Dr. Sabrina Paganoni works as a neuromuscular specialist at Massachusetts General Hospital's Sean M. Healey & AMG Center for ALS. She is also the lead author of the study and mentioned that the treatment focused on the two cellular structures damaged by the disease.
One is the mitochondria, which serves as the powerhouse of the cell, while the other one is the endoplasmic reticulum, which functions as the cellular dump trucks that are responsible for carrying away the waste that accumulates in the cells' machinery.
Amyotrophic lateral sclerosis (ALS), also known as Lou Gehrig's disease, is a progressive motor neuron disorder. It rapidly destroys the nerve cells or motor neurons that control muscle movement leading to disability.
According to The ALS Association, the prevalence of ALS at any given time in the Western countries is about one in 20,000 people. Usually occurring between the ages of 40 and 70, once the symptoms start, life expectancy decreases to about two to six years.
From an Ice Bucket to a Medical Breakthrough
The Ice Bucket Challenge was able to put ALS on the map and attract more investigators and investment to the research. The randomized, double-blind study is phase 2 of the trial. All drug approval required by the Food and Drug Administration needs to undergo a three-step process. In this double-blind study, neither patients nor the researchers will know who receives the drug. Once phase 2 generates positive results, the FDA will then require a larger and longer phase 3 trial.

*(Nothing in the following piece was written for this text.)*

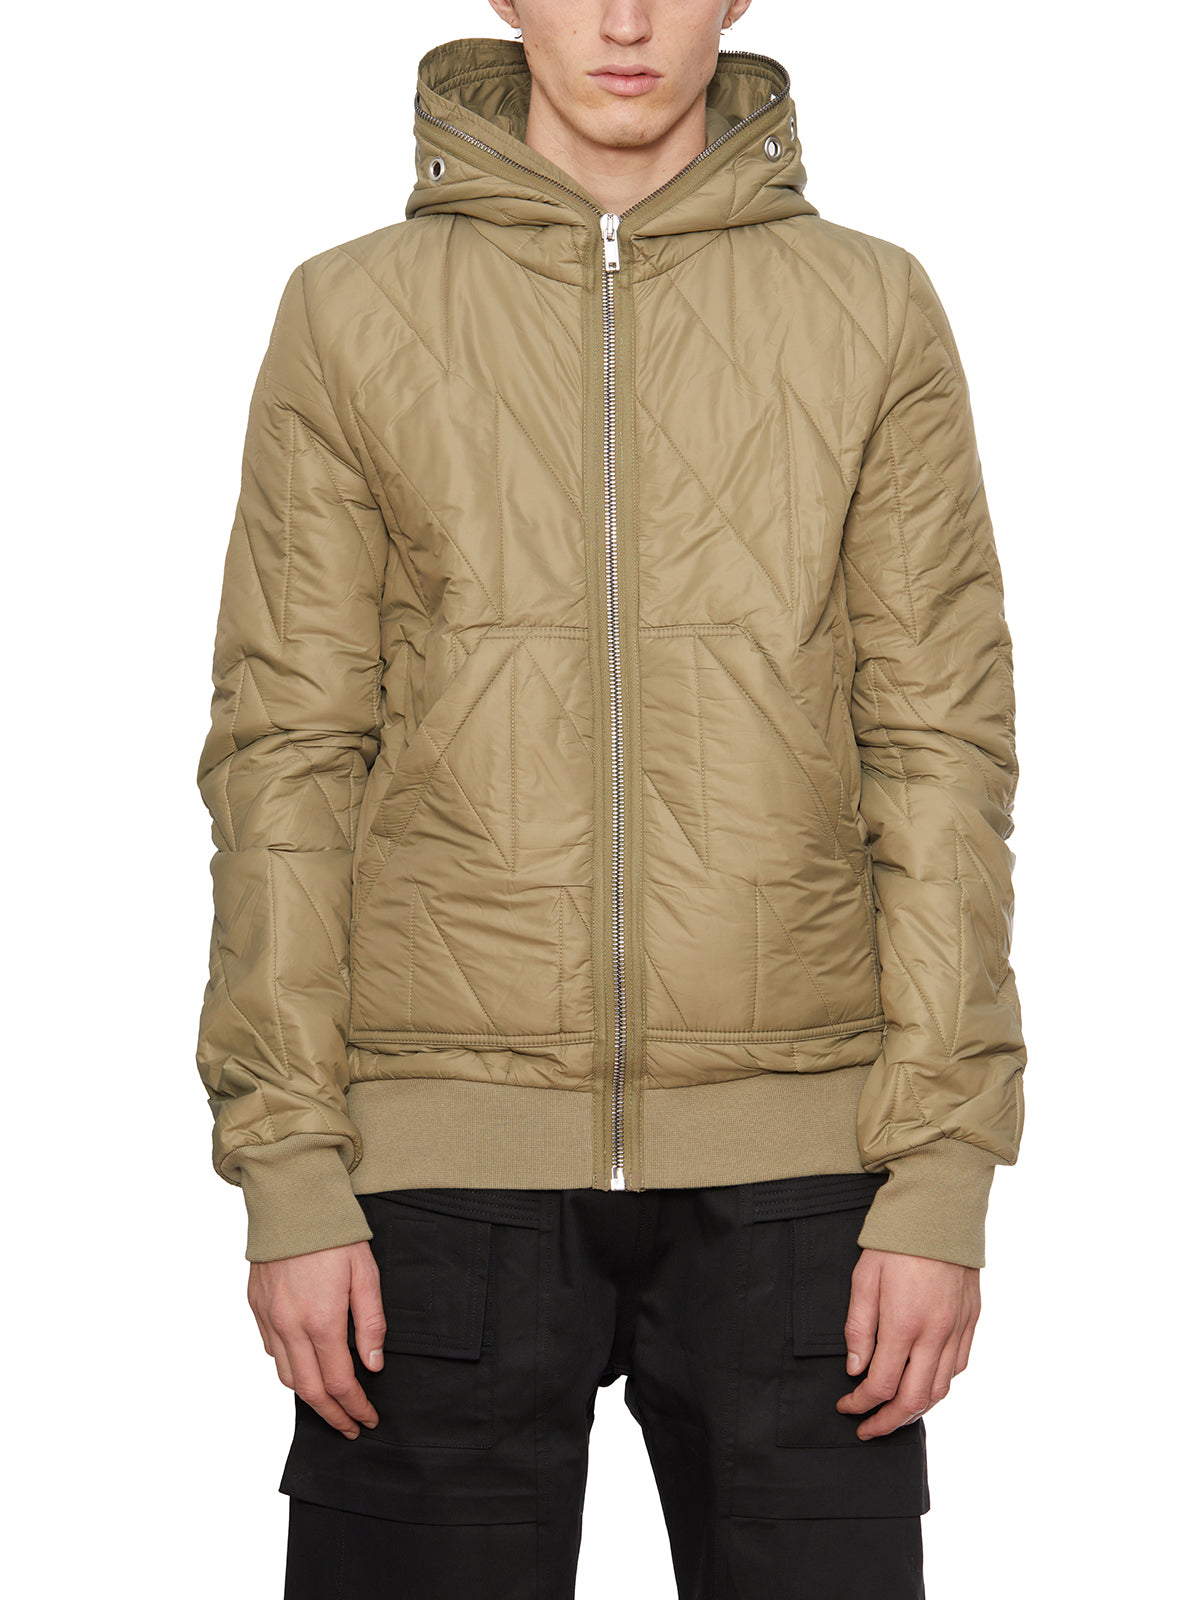 RICK OWENS Green Bomber Jacket with Hood for Men - FW23 Collection
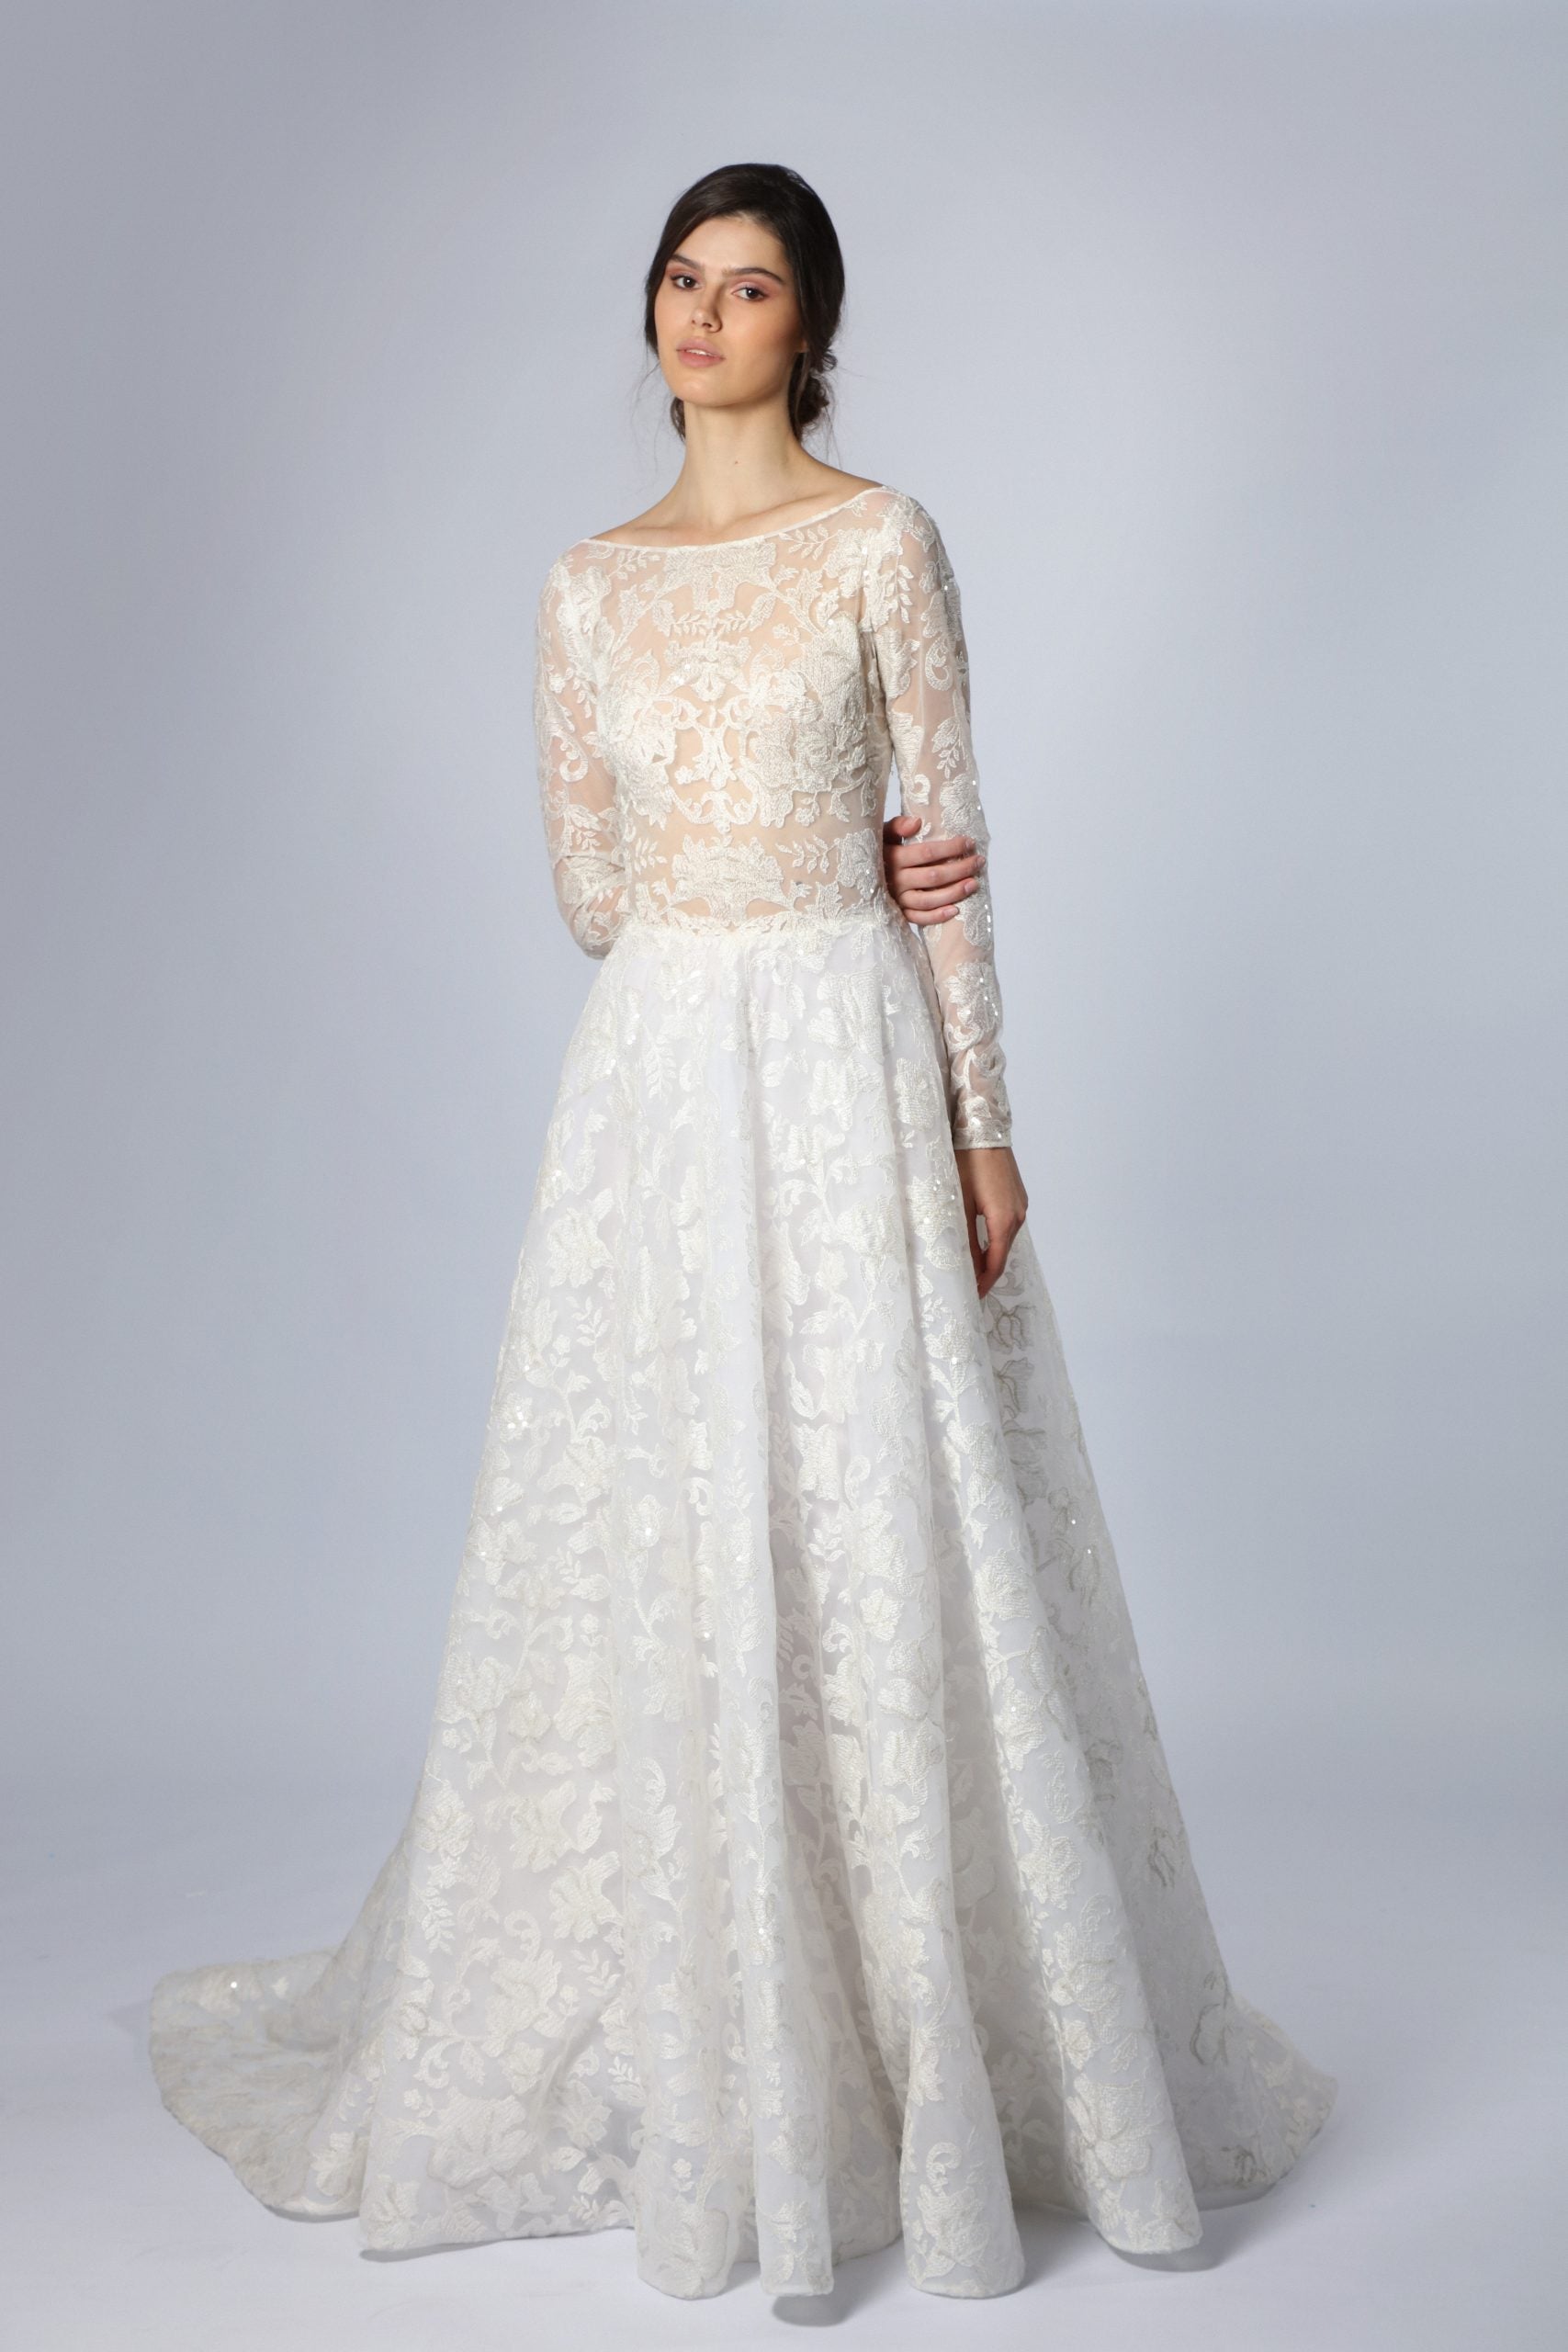 Embroidered Long Sleeve A-Line Gown by Tony Ward - Image 1

The researchers observed 137 ALS patients who had become symptomatic within the last 18 months to test the effectiveness of the two-drug combination. Two-thirds of the patients (89) were administered the drug, while the rest were given a placebo.
These patients were then evaluated on a scale of 0 to 48 to measure the disabilities caused by the disease. By the time the trial ended, the baseline score was about 36 on average.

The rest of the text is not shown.